SEAGULL ENERGY CORPORATION
EXECUTIVE SUPPLEMENTAL RETIREMENT PLAN
MEMBERSHIP AGREEMENT

     WHEREAS, BARRY J. GALT (“Employee”) has been designated as eligible to become a Member of the SEAGULL ENERGY CORPORATION EXECUTIVE SUPPLEMENTAL RETIREMENT PLAN (the “Plan”), a copy of which is attached hereto as Exhibit “A,” subject to and conditioned upon Employee’s execution of this agreement; and

     WHEREAS, Employee desires to become a Member of the Plan on the terms and provisions set forth therein and in this agreement;

     NOW, THEREFORE, the parties hereto agree as follows:

     1. Employee agrees to become a Member of the Plan, effective as of February 3, 1986.

     2. For purposes of Section 1.01(5) of the Plan, Employee’s considered period shall be his last three consecutive calendar years of employment or, if less, all of his completed calendar years of employment.

     3. For purposes of Section 1.01(8) of the Plan, Employee’s Compensation for 1984 shall be deemed equal to $300,000.00 and his Compensation for 1985 shall be deemed equal to $330,000.00.

     4. Employee's Applicable Percentage under the Plan shall be 50%.

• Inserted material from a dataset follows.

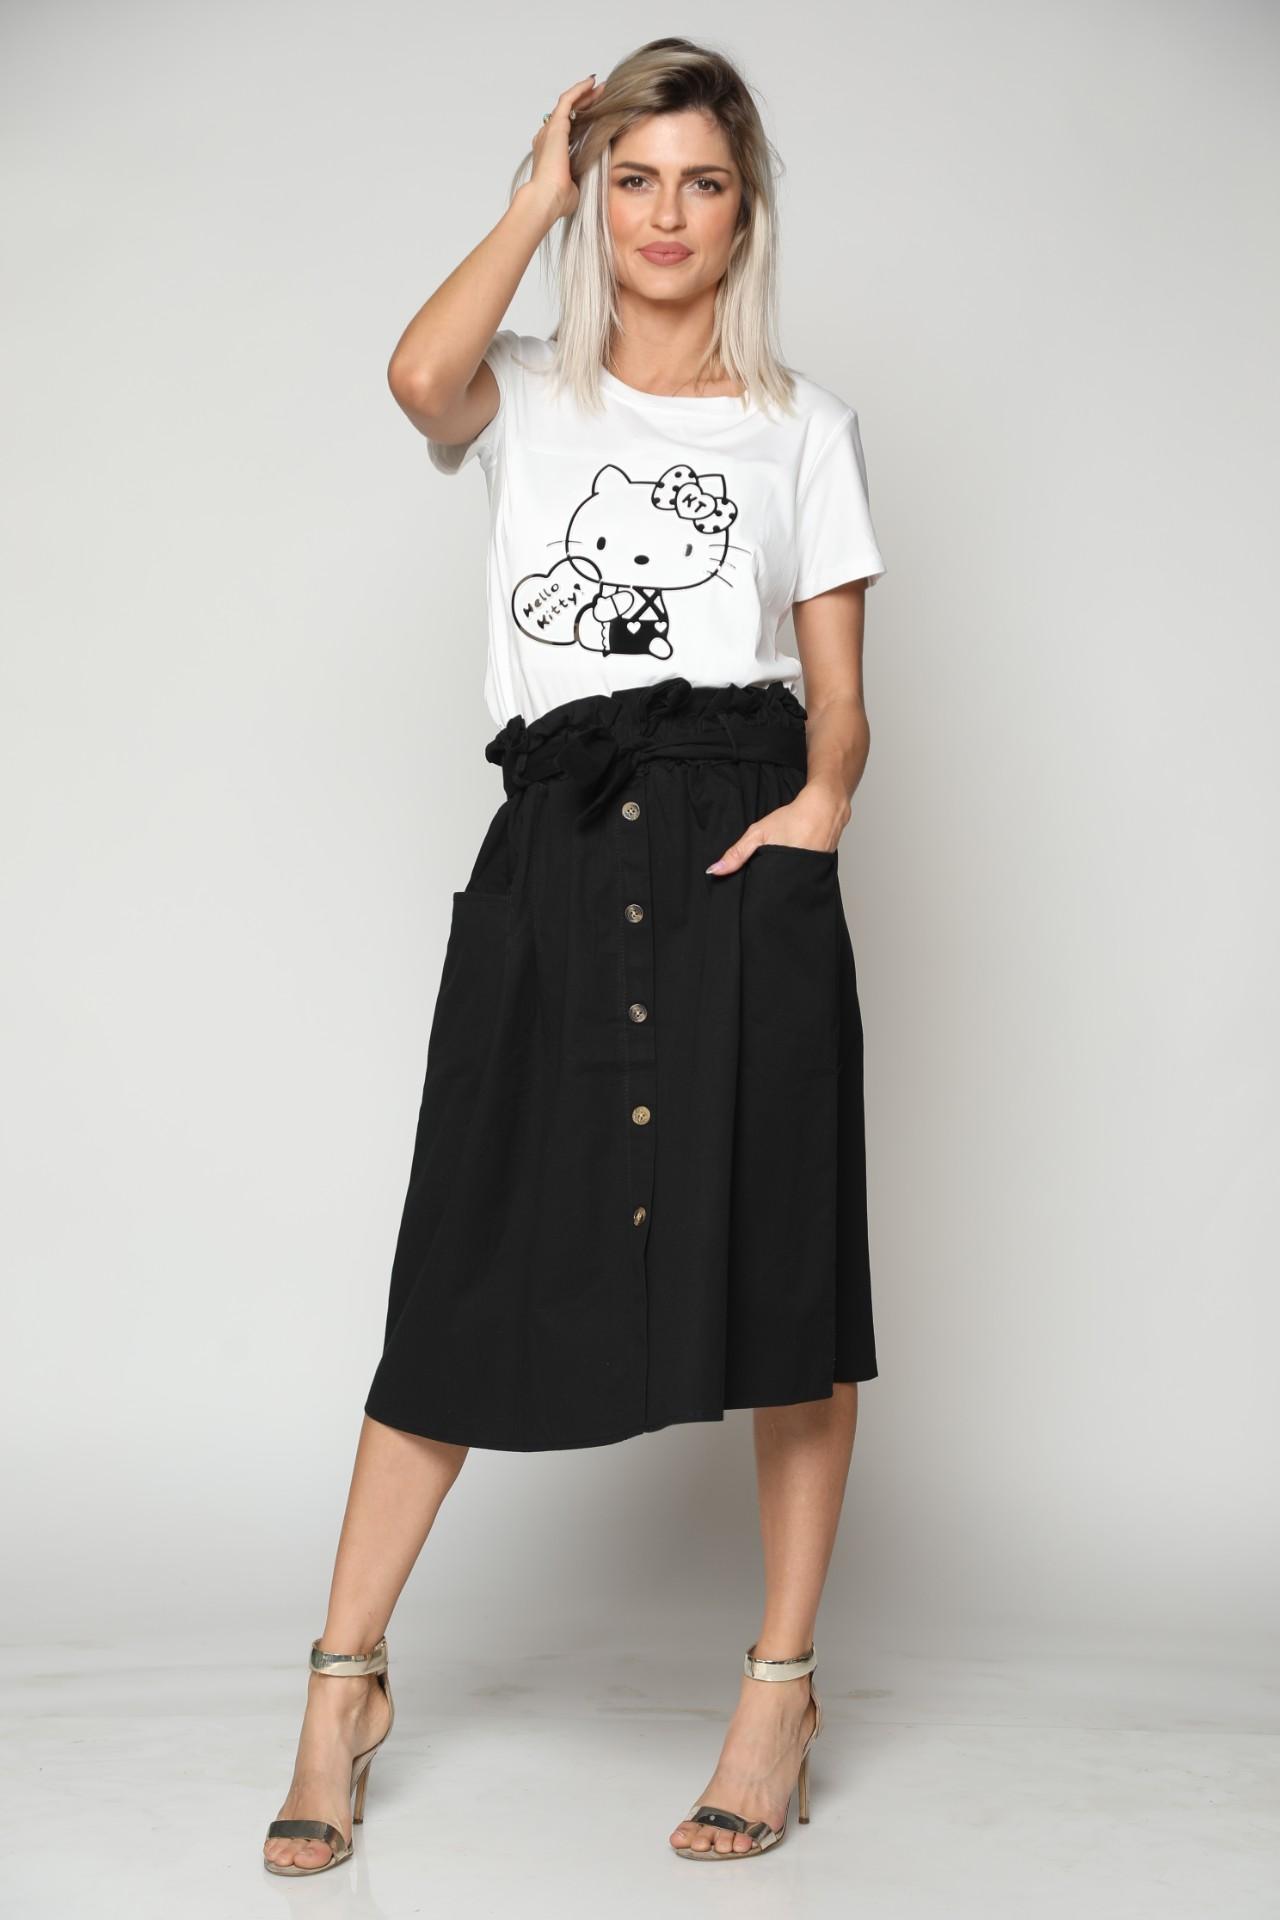 חצאית נשים שילוב כפתורים שחור

     5. Employee's Vesting Schedule under the Plan shall be as follows:

Vested
Interest

   
 Prior to January 1, 1984  40 %
 As of December 31, 1984*  48 %
 As of December 31, 1985*  56 %
 As of December 31, 1986*  64 %
 As of December 31, 1987*  72 %
 As of December 31, 1988*  80 %
 As of December 31, 1989*  88 %
 As of December 31, 1990*  96 %
?As of December 31, 1991* and thereafter  100 %

     *provided that Employee is employed by the Company on such date and has been so employed by the Company on a full-time basis during the twelve month period immediately preceding such date.

For purposes of the foregoing schedule, Employee shall be deemed to have been in the full-time employment of the Company for the entire year of 1984.

     6. The aggregate amount of any death benefits becoming payable pursuant to Section 4.04 of the Plan shall be reduced, dollar-for-dollar, by the dollar amount of insurance proceeds payable (regardless of the identity of the beneficiary thereunder) as a result of Employee’s death pursuant to any life insurance maintained on the life of the Employee pursuant to Section 3.4 of the Employment Agreement entered into by and between Employee and the Company on December 30, 1983.

     IN WITNESS WHEREOF, the parties hereto have caused these presents to be executed this 3rd day of February, 1986.